I just opened up a new Innovation Fund account earmarked for my children with an initial $26,000 investment. I’m going to contribute between $1,000-$5,000/month autodebit and build up the account over the next 5-10 years from my rental income. I should’ve done this back in 2023 as it’s hard to stay consistent.
I’m writing about what I think is most promising at the moment. Things could definitely change, as interest rates come down, the under supply of building over the past 2-3 years starts taking effect on upward pressure in rent income.

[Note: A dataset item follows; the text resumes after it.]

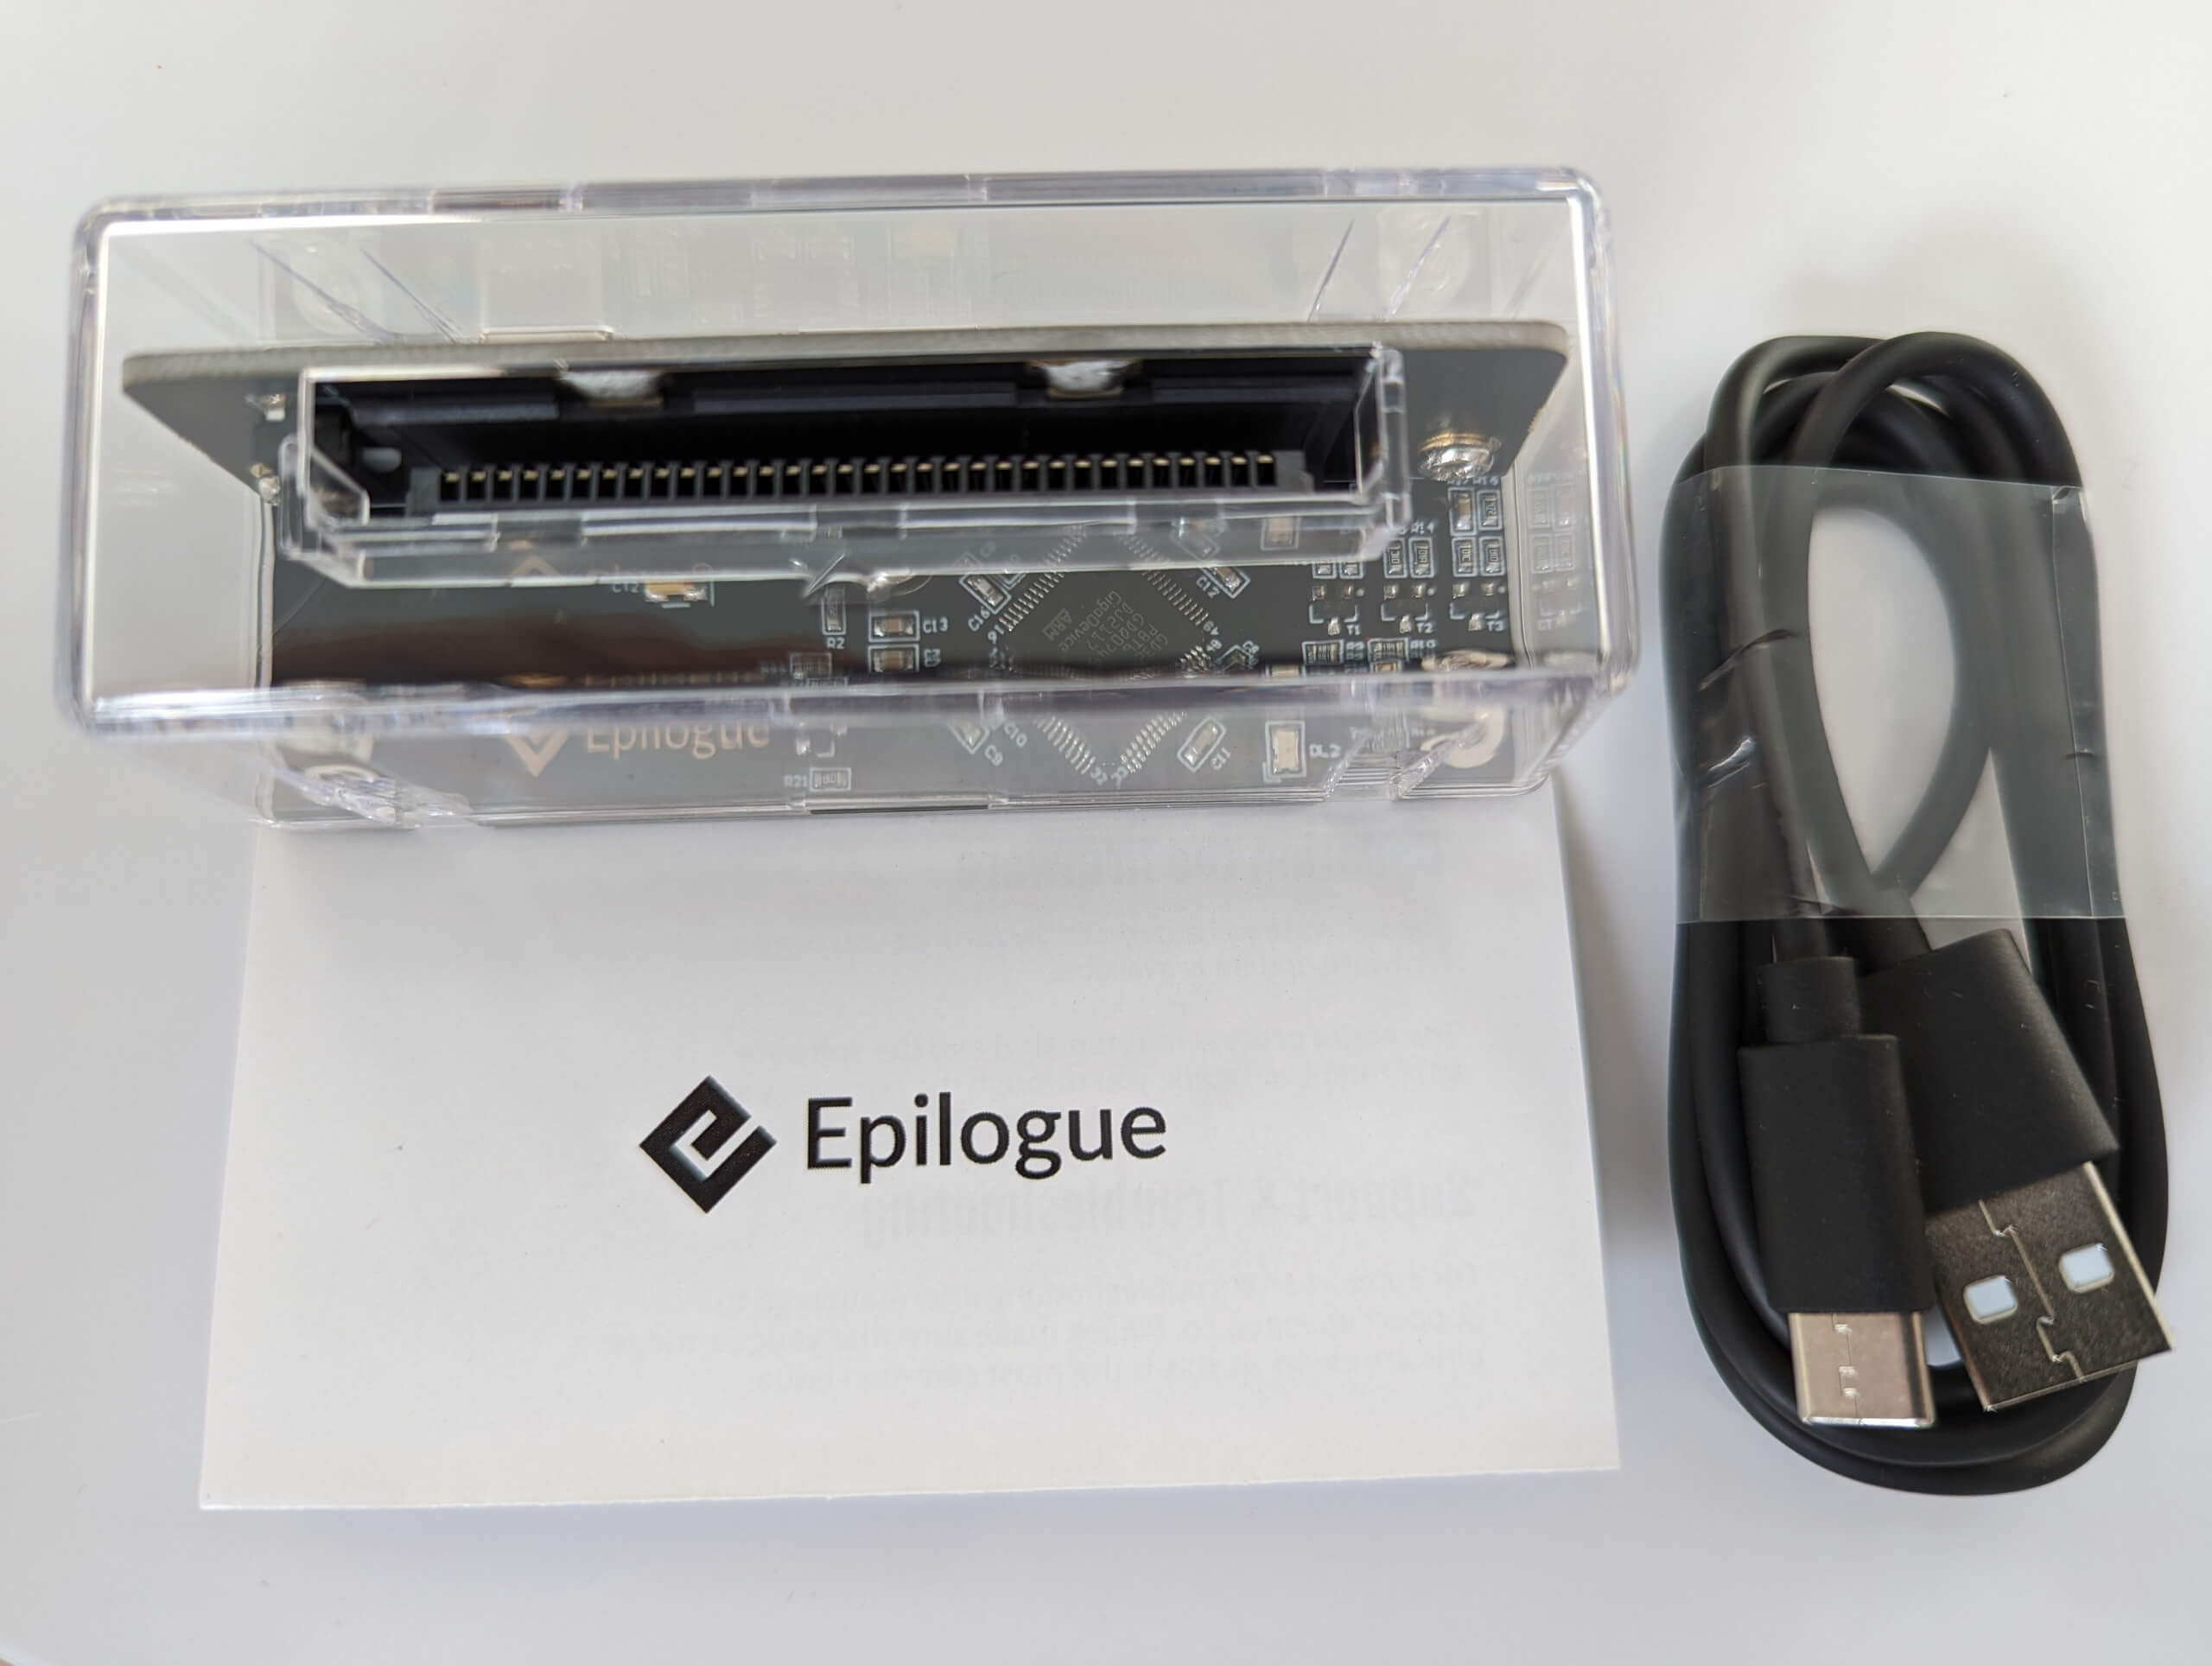 contents of the Epilogue GB Operator box showing the GB Operator device, a small white booklet with the Epilogue name and logo on it in black text, and a black USB-A to USB-C cable

CRE was a great run from when I started writing about it in 2016 until the Fed started aggressively hiking in 2022. But I think finally, rates are starting to come down and the demand for CRE will rebound. We already seeing a big rebound in commercial real estate demand here in San Francisco and rents are rising double digits.

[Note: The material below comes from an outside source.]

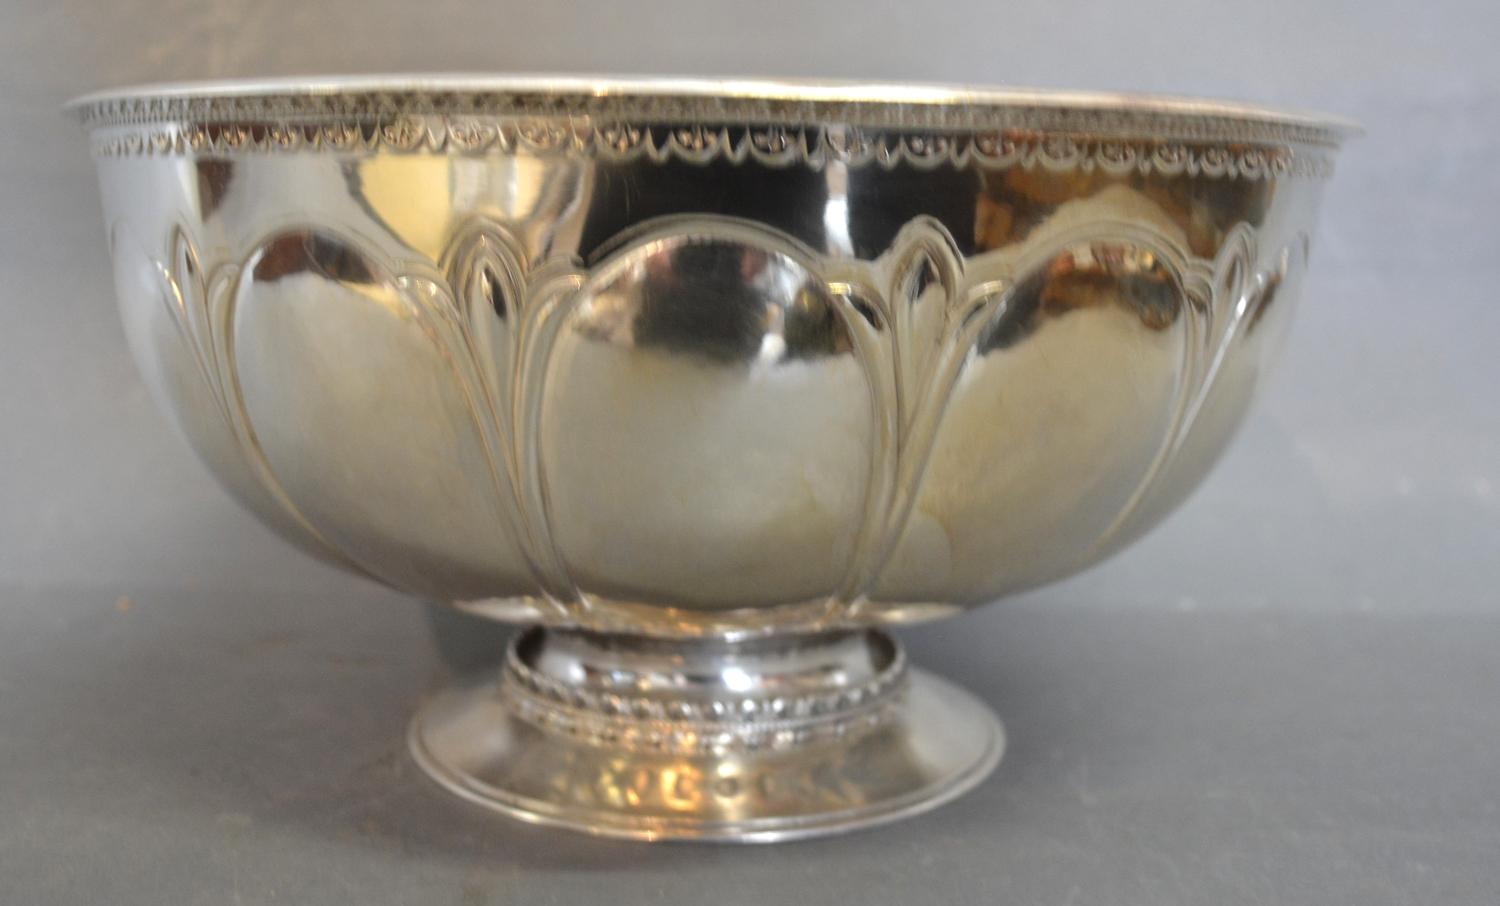 Guild of Handicraft A Large Silver Pedestal Bowl with stylised decoration, London 1930, retailed - Image 2 of 3

How are you invested in real estate venture?
Definitely don’t invest in things you are not comfortable with. And if you listen to my podcast episode, you can hear me mentioning how I don’t wanna push anything on anybody. People should I be est in what they know and understand. I’m just sharing what I’m most interested in, as assets ebb and flow over time.
I’m gonna be writing more about real estate next week as I experience something pretty positive that I think people should be aware of. And then all ties into the tech and AI ecosystem.
Is there something you would prefer me write or record about? If so, feel free to let me know!
Fascinating insights—thanks for sharing. I hadn’t realized just how competitive it is to get on the cap table of these hot startups.
It’s wild that one private company wanted to allocate shares only to friends of Sam Altman. It really shows how much access and wealth come down to your network—and how the rich and their friends tend to get richer.
When the financial return metrics are clear, the growth slope is steep, and you’re raising capital, it’s almost like handing out free money to those in the know.
Ben also makes a great point that identifying great companies is actually easier than many people think. You’d think it’s the opposite, but it makes sense that once a company has hit momentum, it’s all about trying to get in.
Not so much Seed stage companies.
I’ve invested about 10% of my capital in venture as well. I’m excited to see more exits!